Por seu lado, Fernando Madeira, o ex-sócio maioritário da Tecnoforma, faz um retrato exemplar do modo como certas actividades empresariais, por isso lucrativas, dependem estritamente do acesso ao poder político e de como é nessas empresas que fazem a sua carreira de “gestão” muitos dos actuais governantes que não tem outro currículo. O que eles trazem para o negócio não é qualquer experiência empresarial ou de gestão, mas sim a sua agenda telefónica, e as relações de pertença e proximidade, troca de favores com o poder político. São “facilitadores” e há muitos anos Ilídio Pinho disse numa entrevista sobre o mestre deles todos que valia um “milhão de contos”. Como diz Fernando Madeira, “desbloqueiam”: “o Pedro abria as portas todas”. Pode haver ajustes de contas nestas entrevistas, mas os factos nelas revelados permanecem por desmentir. Ambos são testemunhas privilegiadas das matérias sobre as quais falam e, quer num quer noutro caso, os seus depoimentos são consistentes com o que já era conhecido. Mas, para além disso acrescentam detalhes e é nos detalhes que se percebe muita coisa. São um retrato dos círculos negros do actual poder político-partidário em Portugal.

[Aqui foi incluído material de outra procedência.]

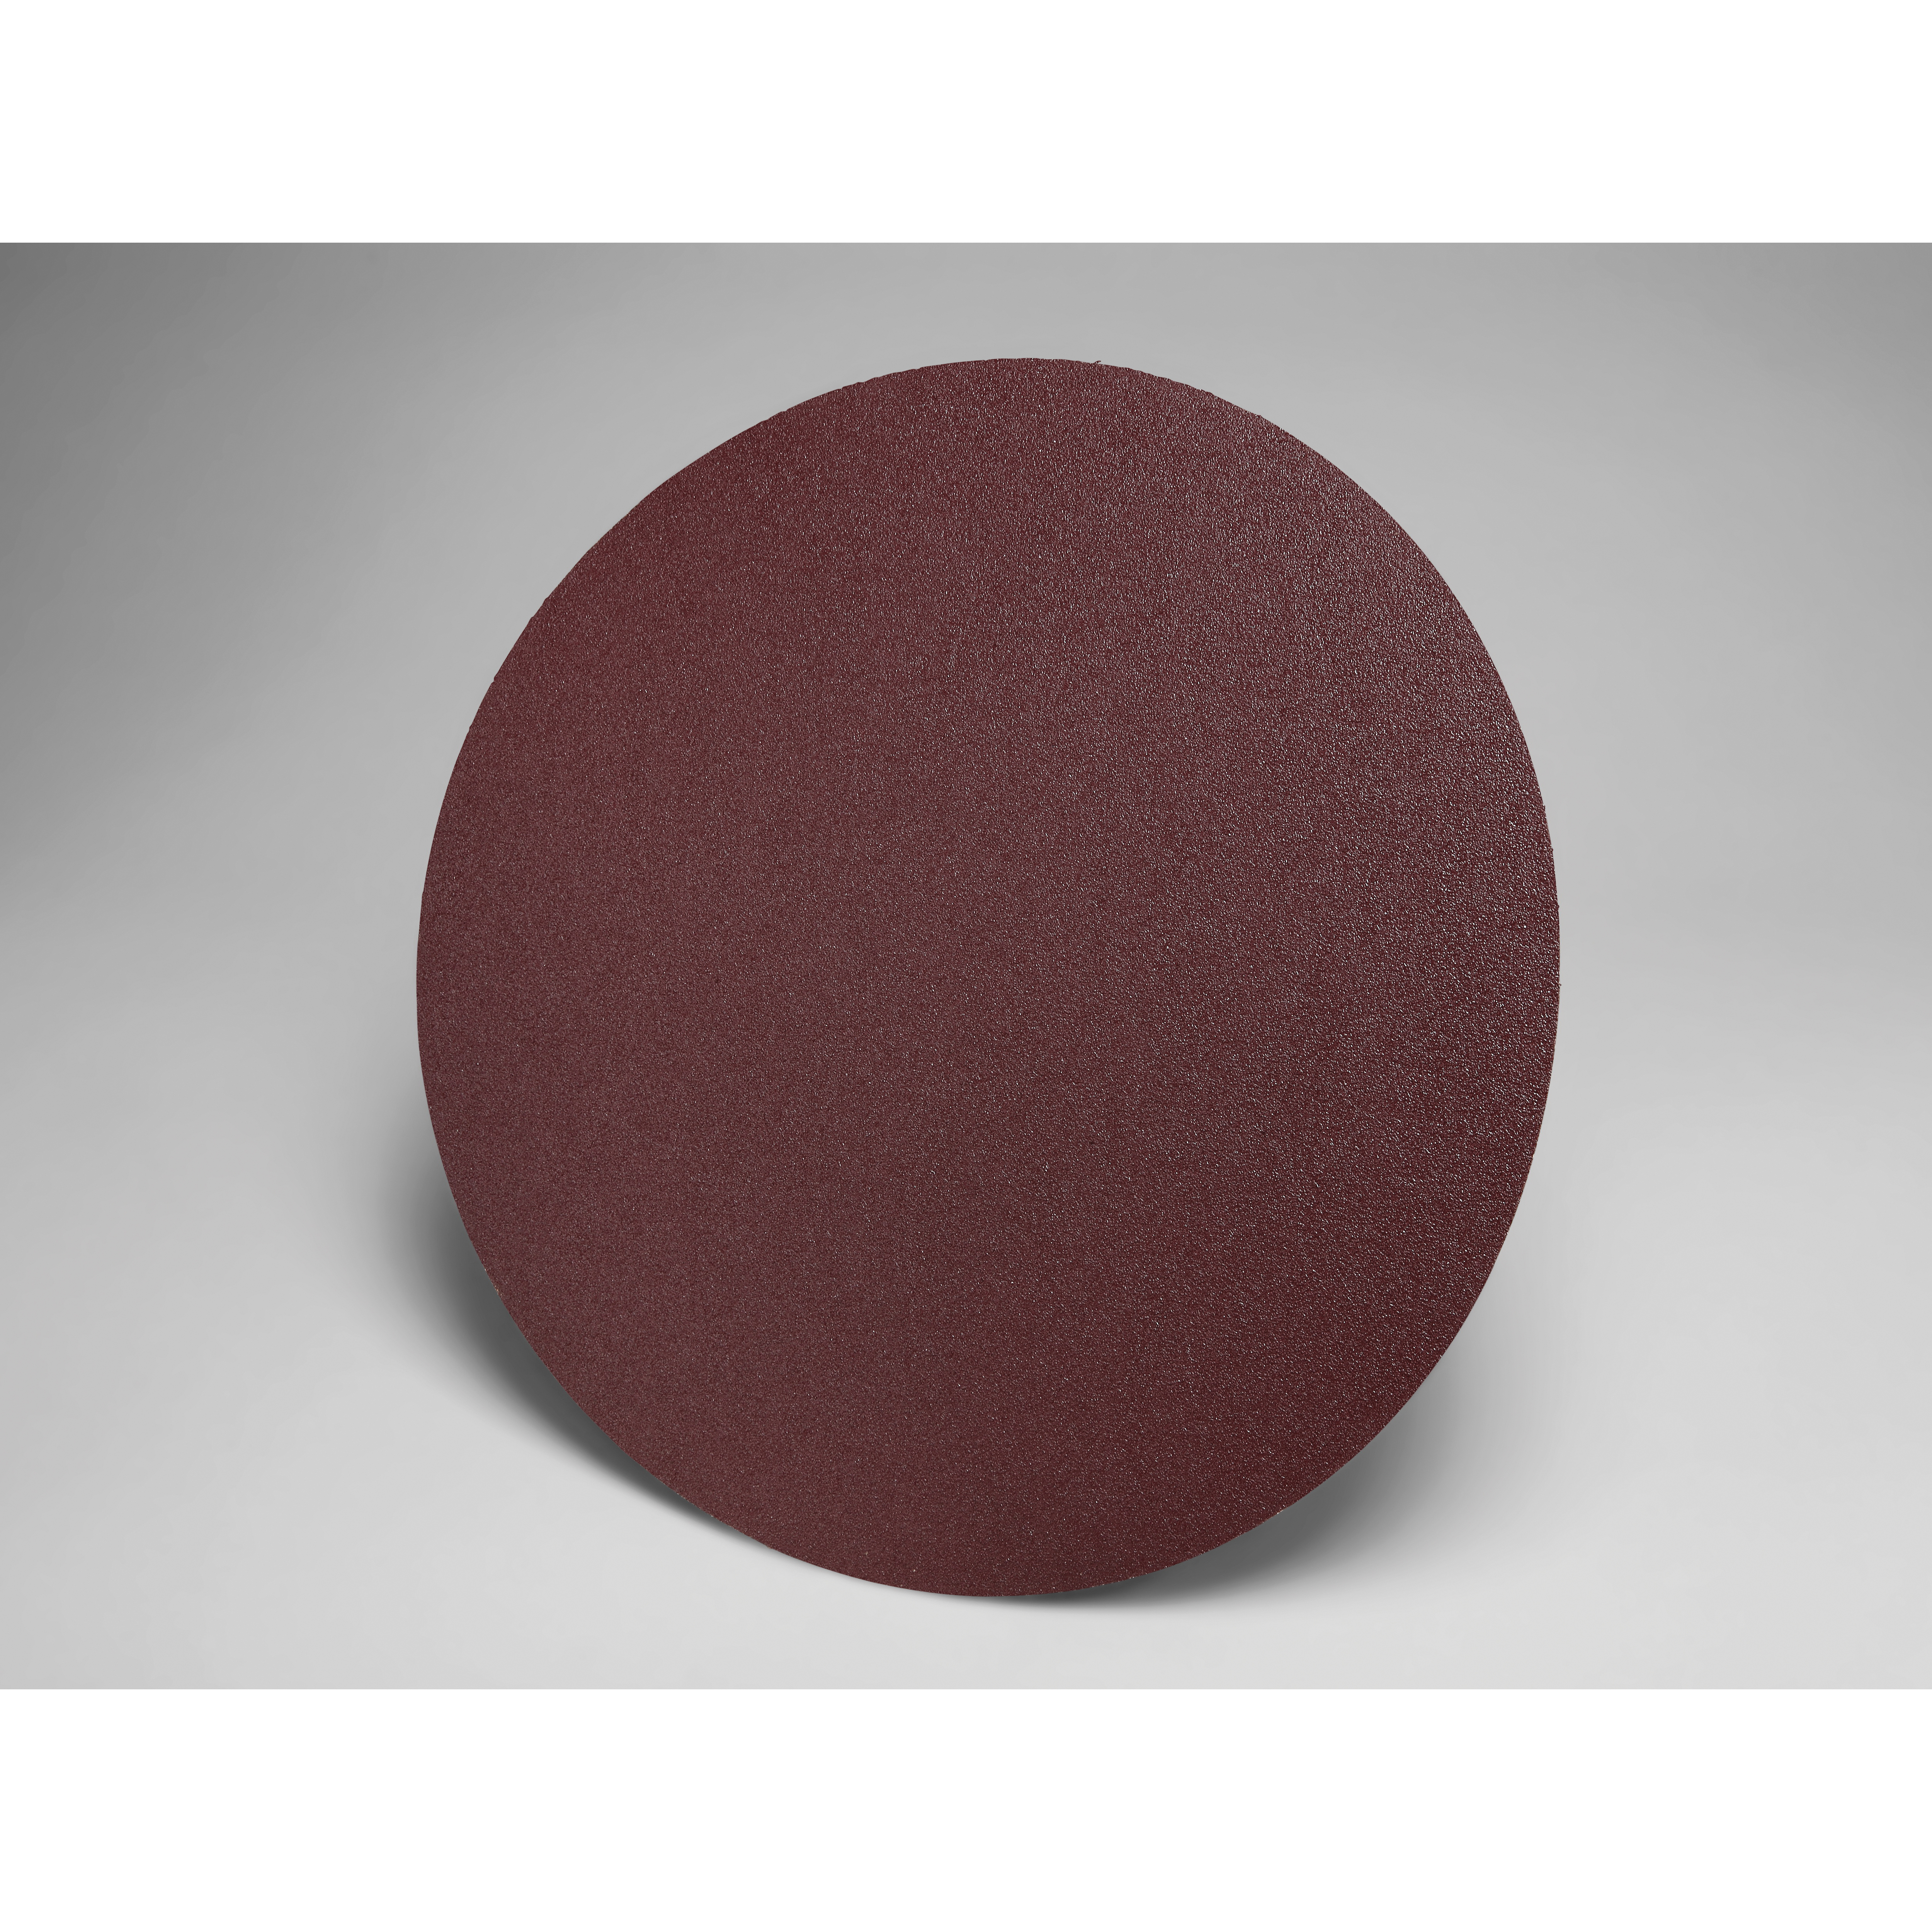 3M™ 051144-88900 348D Heavy Duty PSA Cylindrical Wheel, 12 in Dia Disc, P150 Grit, Very Fine Grade, Aluminum Oxide Abrasive, Cloth Backing

 Não sei se algum dos factos que referi têm incidência criminal e espero que as investigações em curso cheguem a bom termo. Talvez não tenham, embora a história da Tecnoforma é idêntica à de muitas outras empresas criadas em círculos do PSD e PS para usar o acesso ao poder político nacional e local para fazer negócios, e sei também que muita gente enriqueceu nesse processo. Sem esse acesso ao poder político essas empresas não valiam nada, até porque não eram verdadeiramente empresas. No caso dos serviços de informações, a perigosidade da sua politização, para além da que já existiu e da que ainda existe, é um risco para a democracia. As eminências pardas do PSD, as maiores e mais sabidas e os aprendizes de feiticeiro, são nomes que aparecem sempre, tocam e voam para longe quando as coisas começam a apertar.

Repito: não sei se existiram crimes ou não. Mas sei que existiram comportamentos inaceitáveis do ponto de vista político e ético. Nos países de mínima civilização, seriam um escândalo público. Aqui puff… Mas alguém quer saber disso? O silêncio e o encolher de ombros do “fazem todos o mesmo”, explica por que razão podem haver as maiores “revelações”, que fica tudo na mesma.

(*) Posteriormente a este artigo ter sido escrito, e muito tempo depois da entrevista citada, o gabinete do Primeiro-ministro veio negar ter havido um convite formal.